Record high oil prices and intensifying public concern regarding climate change have focused attention on the U.S. electric power generation industry like never before. Public pressure on electric utilities to develop more renewable energy is growing every day, with 25 states now setting deadlines for electric utilities to get at least some portion of their power from renewable sources.
While responses to the issues of high energy prices and global warming have varied from company to company, FPL Group (FPL), owner of Florida Power & Light, has taken the early lead in developing renewable power. It's the largest U.S. wind-power generator with a fleet of 48 wind farms across 16 states. Wind power provides about 30% of the company's independent power generation subsidiary's total output. Moreover, in February FPL announced plans for a massive $20 billion expansion that will triple its wind capacity.
FPL's foray into wind power has been highly successful, the company says, with its $6 billion wind investment earning a return on equity in the "high teens" percentage range and increasing its earnings per share during the first full year of operation. Now FPL hopes to extend that success to solar power, which utilities have yet to embrace. In doing so, it should gain valuable experience in renewable power development and an important advantage over rivals when bidding for future projects.

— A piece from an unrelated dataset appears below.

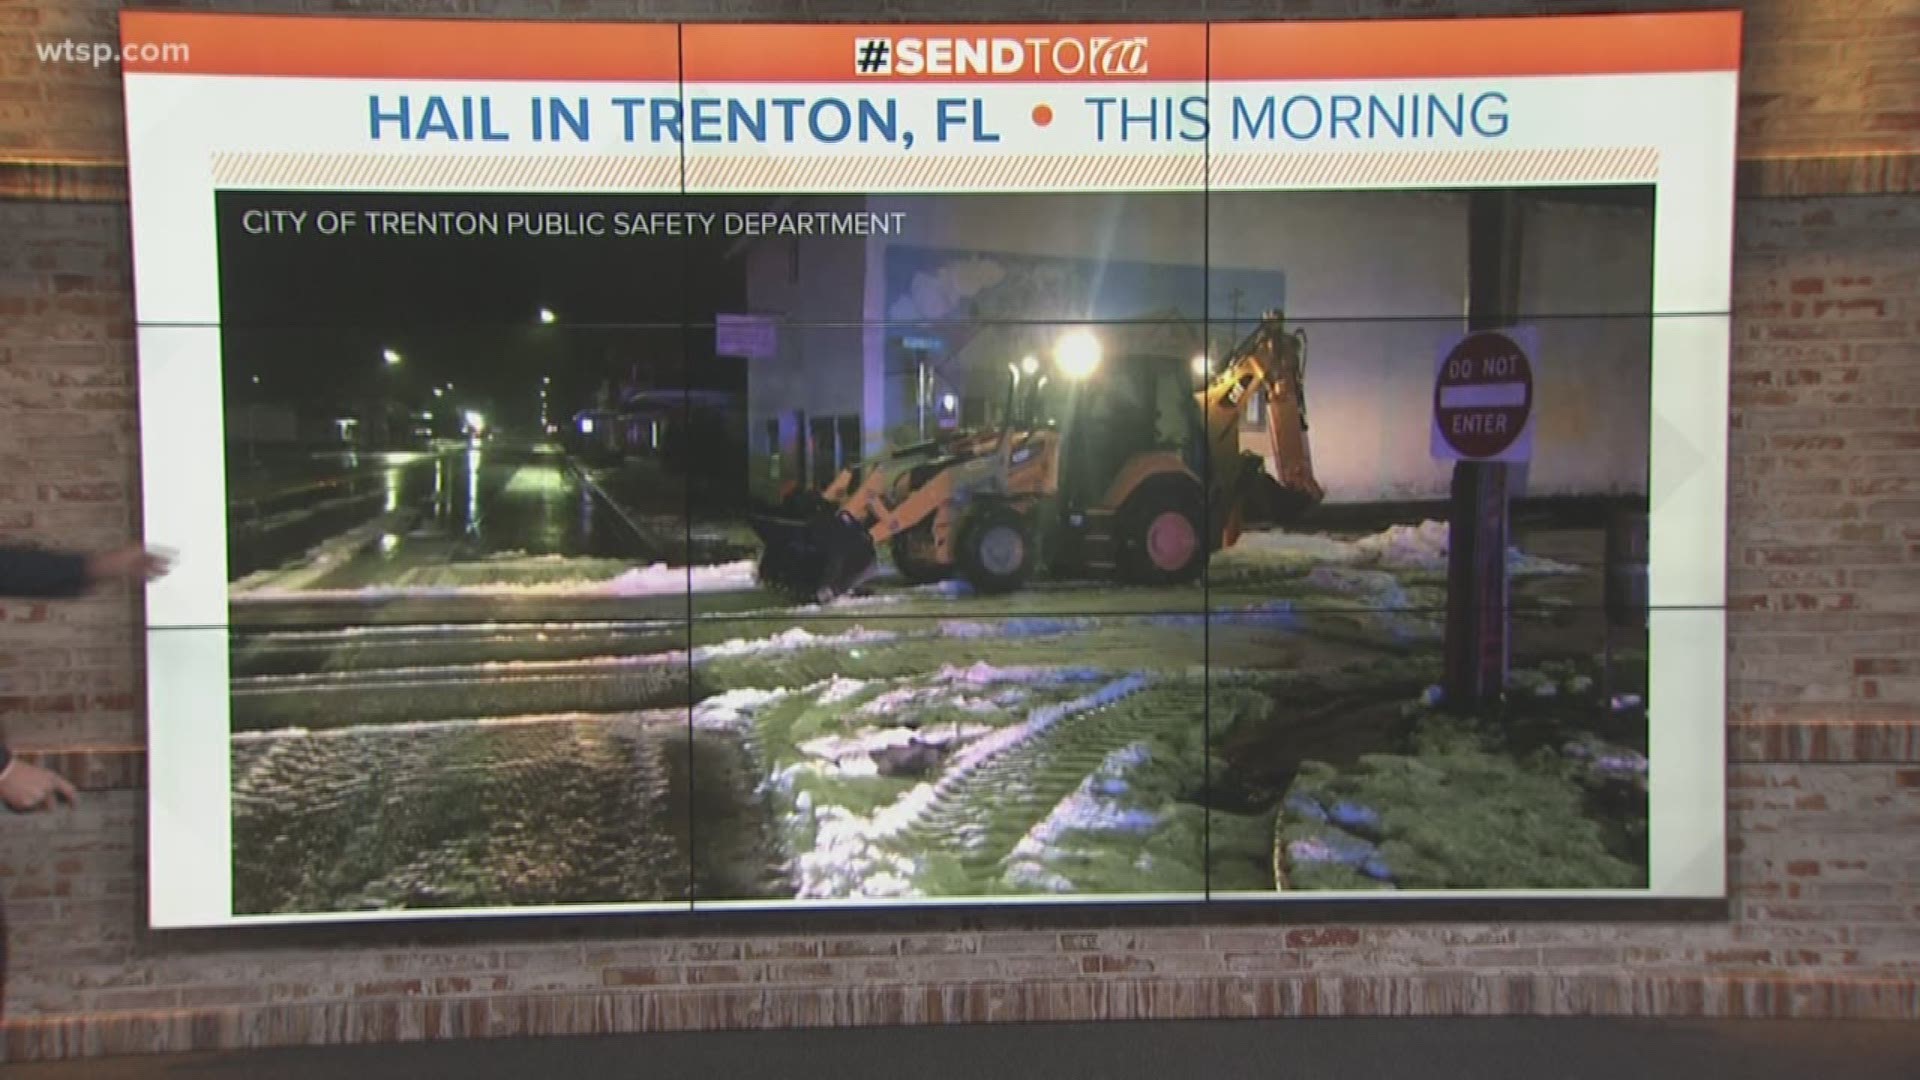 The city of Trenton Public Safety Department is warning drivers of ice on the roadways. A Facebook post says the ice is from hail on Tuesday morning.

"FPL has done really well with wind, and solar is part of the overall picture, too," says Justin McCann, Standard & Poor's equity analyst covering electric utility stocks. He has a "hold" recommendation on FPL shares, which are trading near a record high set in May, 2007. McCann expects FPL will be able to raise its profits by as much as 12% annually through 2012, faster than most other power utilities, with much of that growth coming from renewable power. "It's not something we think is going to lose money," he says of the new investment in solar power.
In September, FPL said it will invest $1.5 billion to expand its solar power operations, which now comprise interests in seven facilities in the Mojave desert with a combined capacity of about 300 megawatts (FPL's owned share is about 150 MW). The $1.5 billion will be used to expand the California operations by another 200 MW and to build a 10 MW pilot facility in Florida, which could be expanded to 300 MW if it proves successful. In addition, FPL says it has identified or already controls sites that could house another 1,100 MW of solar power capacity and has started the full permitting process for 600 MW of new solar generation.

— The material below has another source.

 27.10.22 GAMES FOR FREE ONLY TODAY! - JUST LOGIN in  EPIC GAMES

Given all the hype about renewable energy lately, it should hardly come as a surprise that a major utility is investing in more renewable power. Yet at the utility level, the activity in renewable energy has so far focused on wind power—which is cheaper to build and enjoys more generous tax credits. As of 2005, there was only 411 MW of solar power capacity connected to the U.S. power grid, compared with 8,706 MW of wind power. Just 13 facilities produce utility-scale solar power, 11 in California and two in Arizona. Net solar power generation from utility-scale facilities—more than 1 MW of capacity—accounted for just 0.01% of all renewable energy in 2006, according to Energy Dept. statistics, and solar power output actually fell in both 2006 and 2005.